Content starts
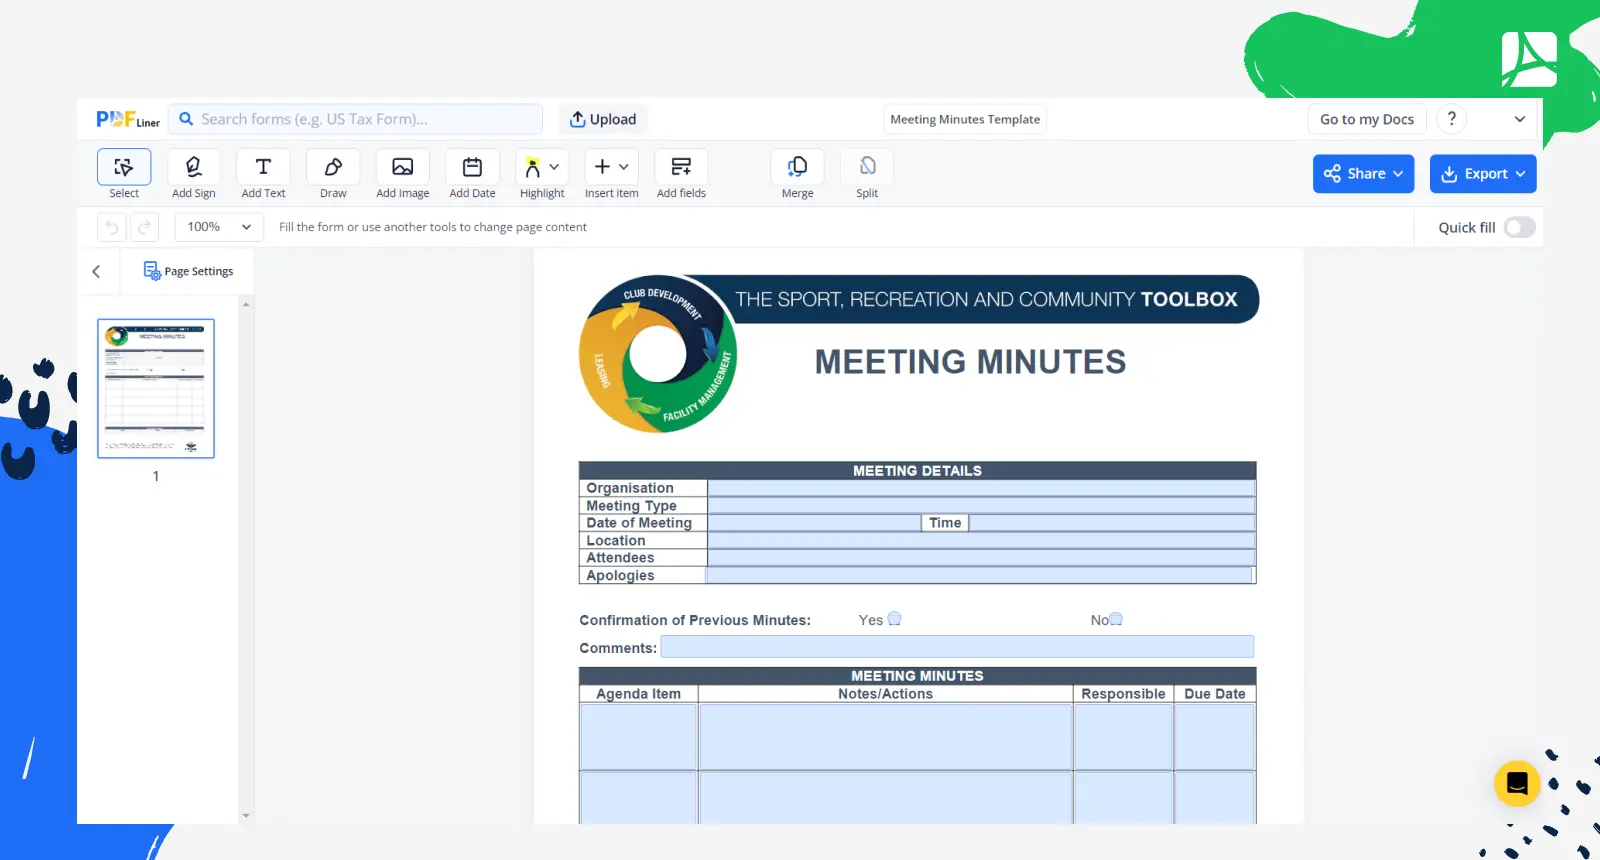 Meeting Minutes Template Form Screenshot
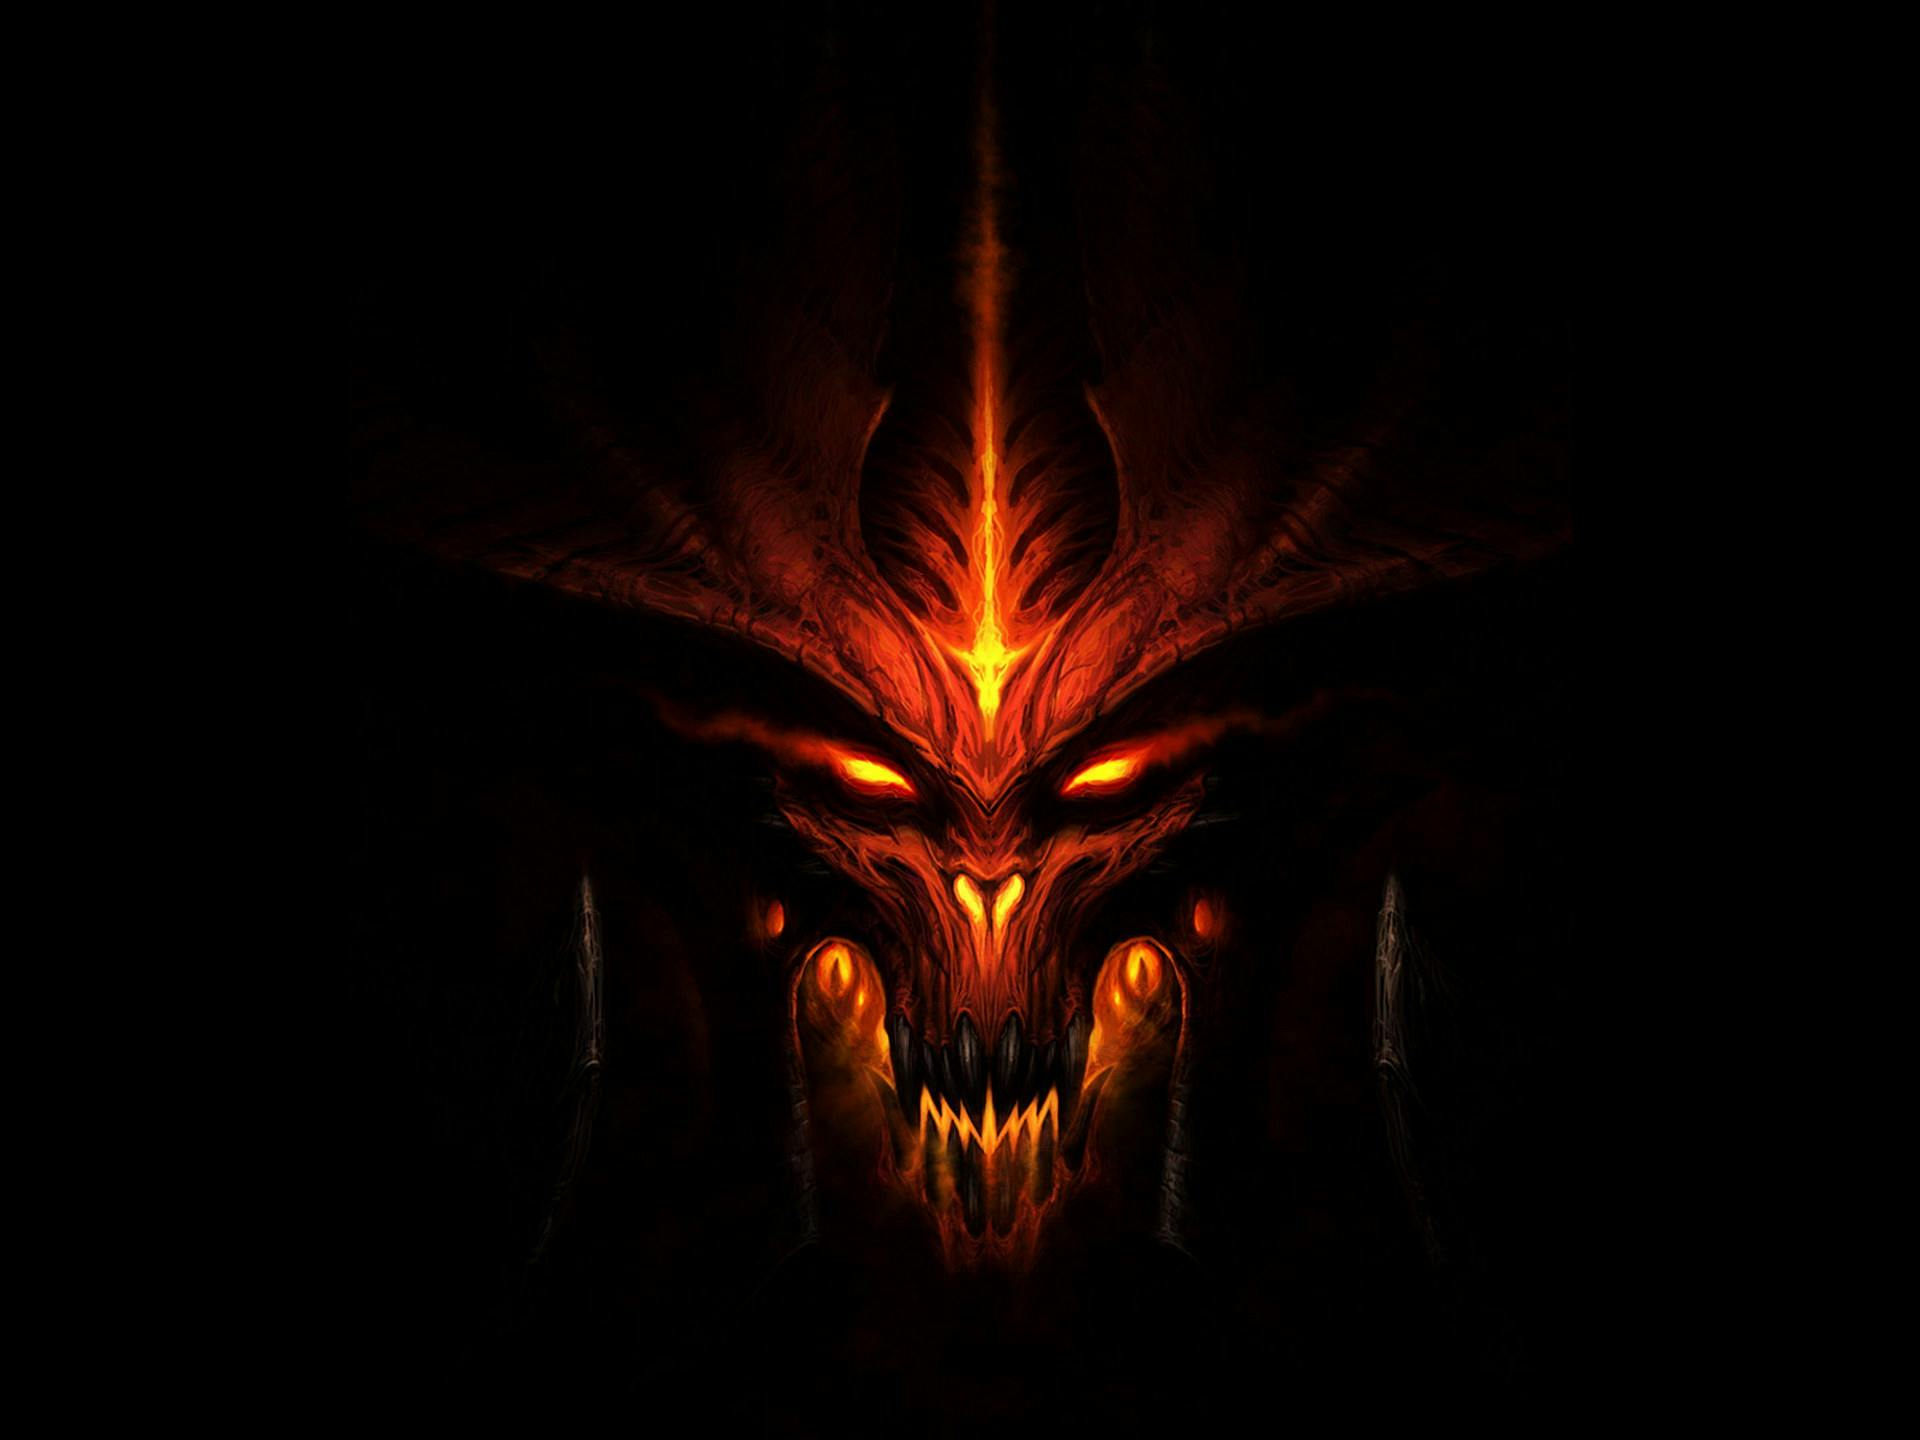 Guild background image
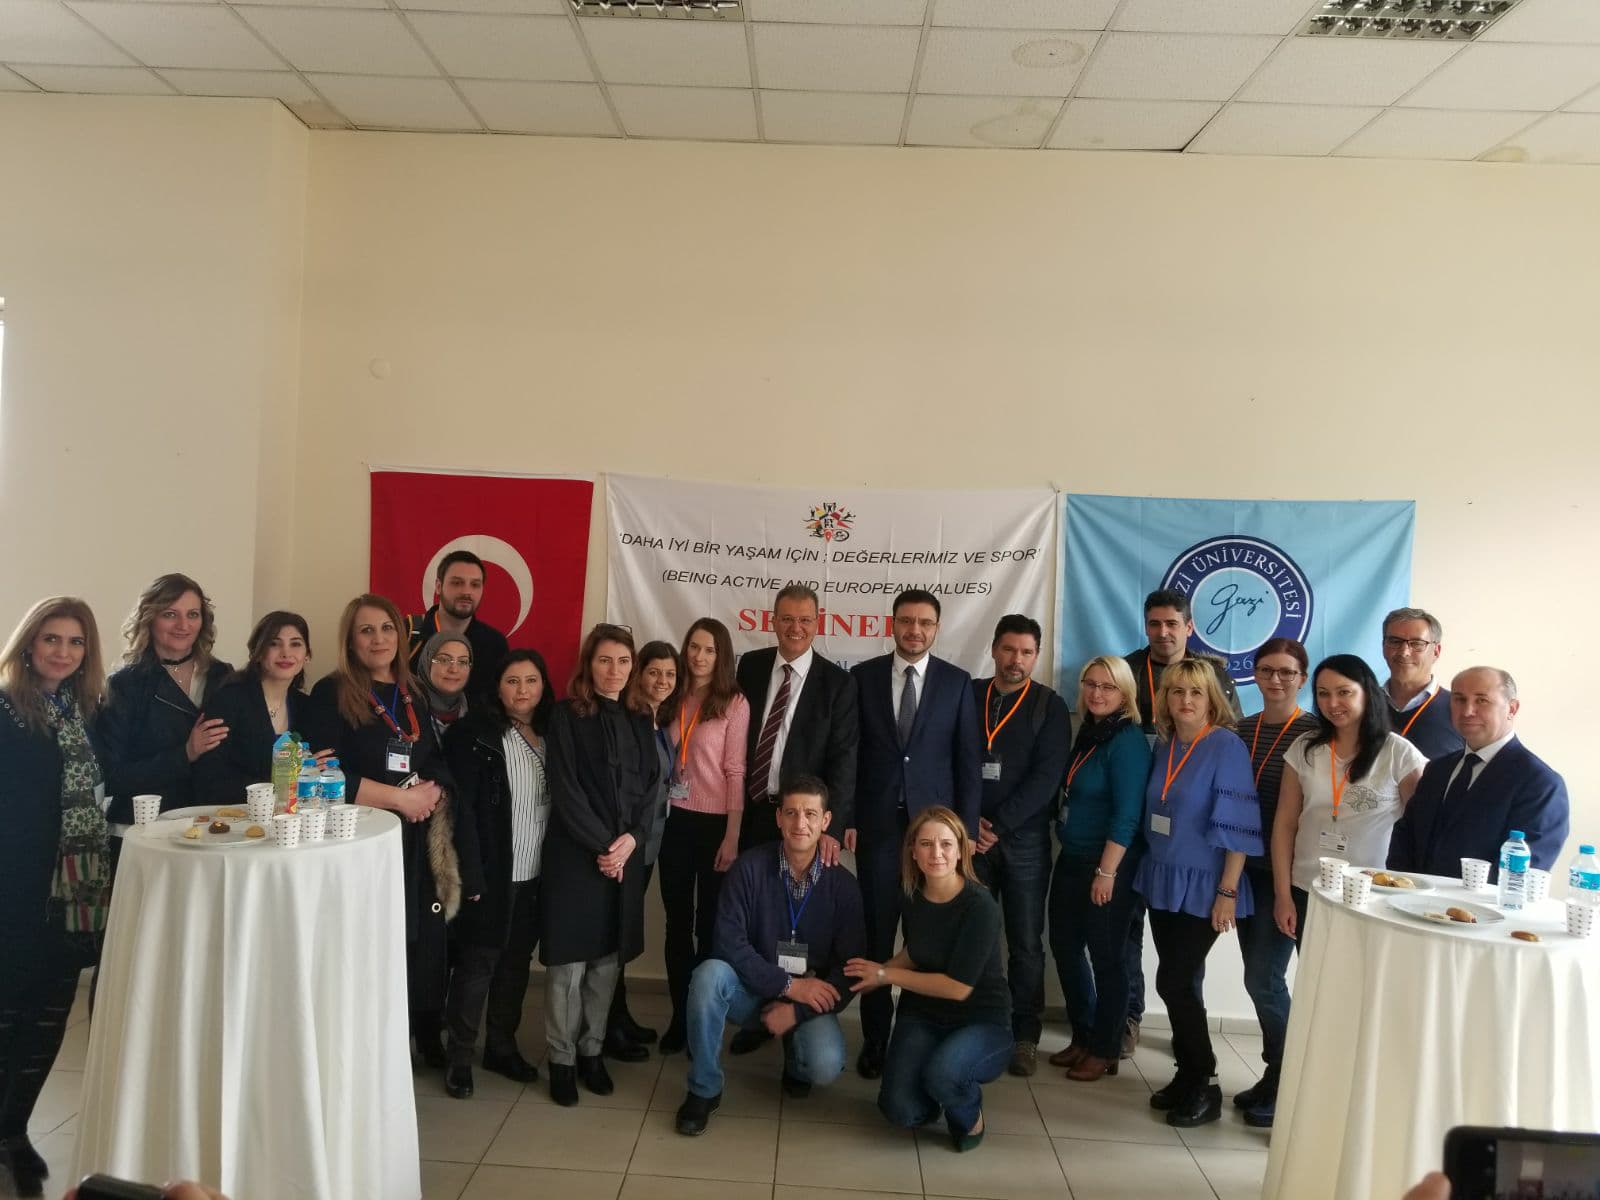 Atatürk Faculty of Education Dean Professor Ismail Hakkı Mirici participated in the Seminar on EV&PA Project As a Speaker
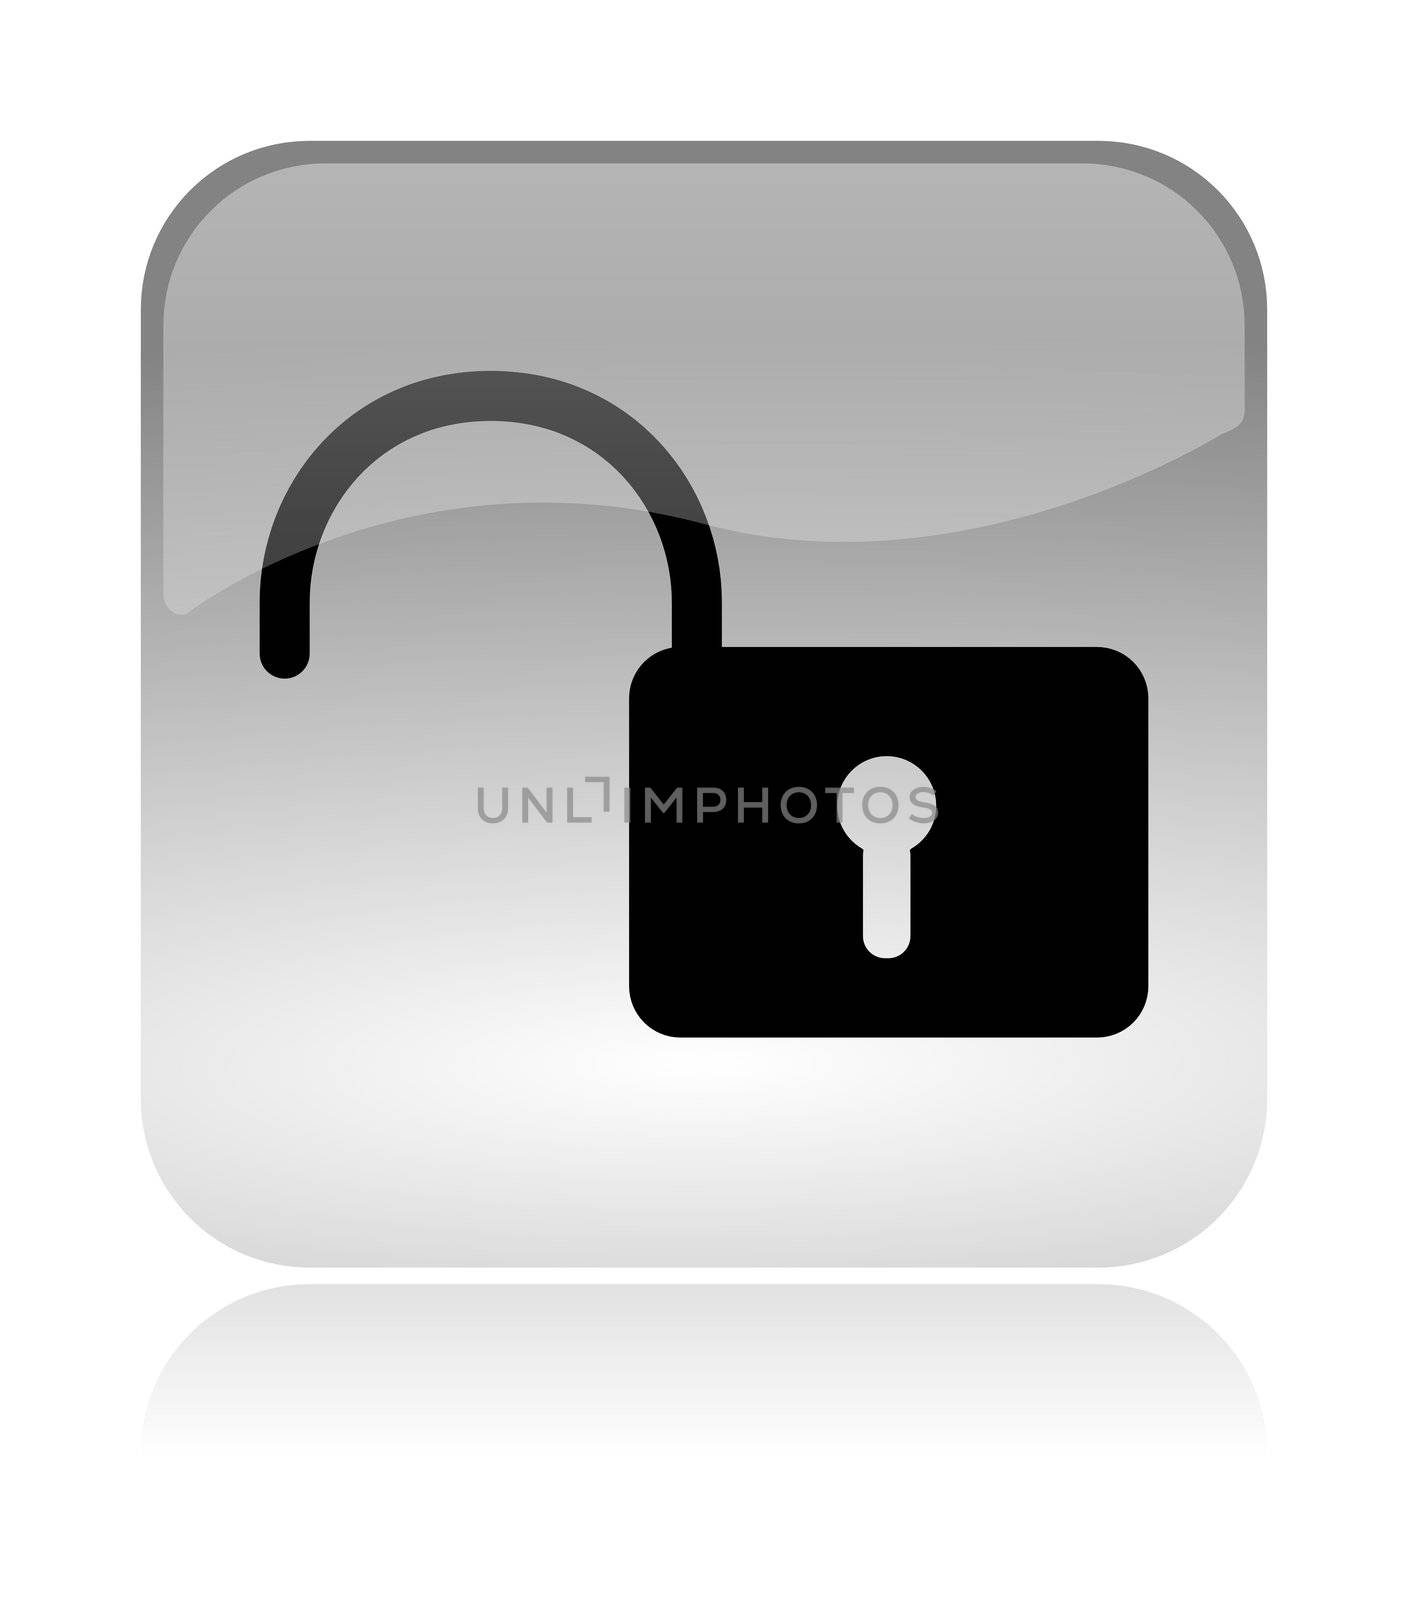 Unlock security padlock web interface icon by make
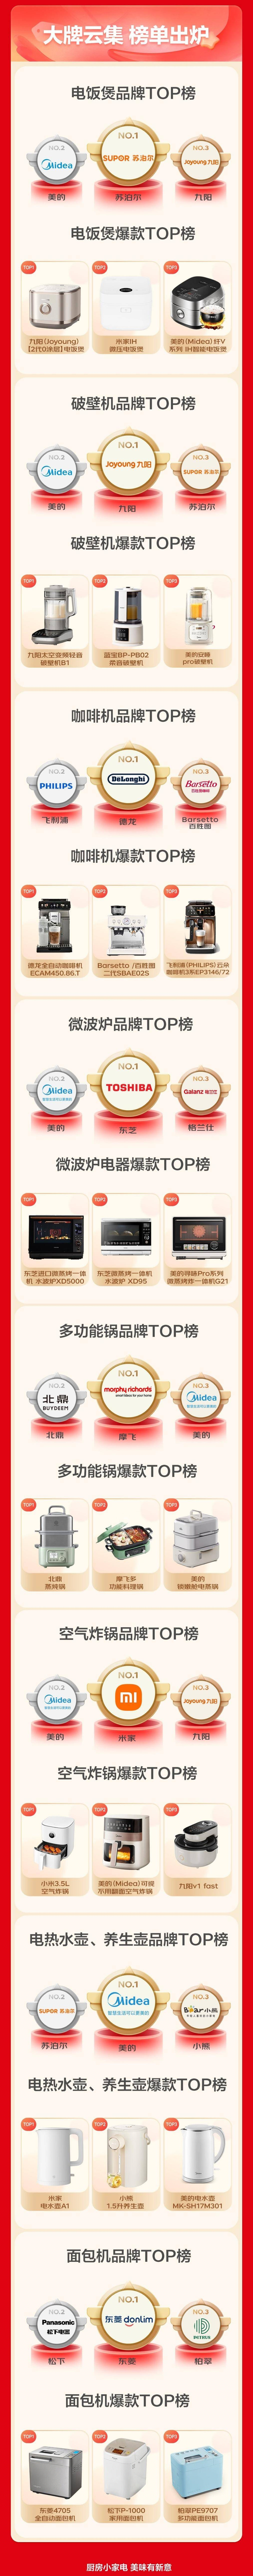 ky体育京东618厨房小家电品类爆发 微蒸烤一体机4小时销售额同比增长200%(图2)
Content ends
» **Exercise requirements**
Leaving the pictures out, give back each line above exactly.

» **Answer to this problem**
 Meeting Minutes Template Form Screenshot
 Guild background image
 Atatürk Faculty of Education Dean Professor Ismail Hakkı Mirici participated in the Seminar on EV&PA Project As a Speaker
 Unlock security padlock web interface icon by make
 ky体育京东618厨房小家电品类爆发 微蒸烤一体机4小时销售额同比增长200%(图2)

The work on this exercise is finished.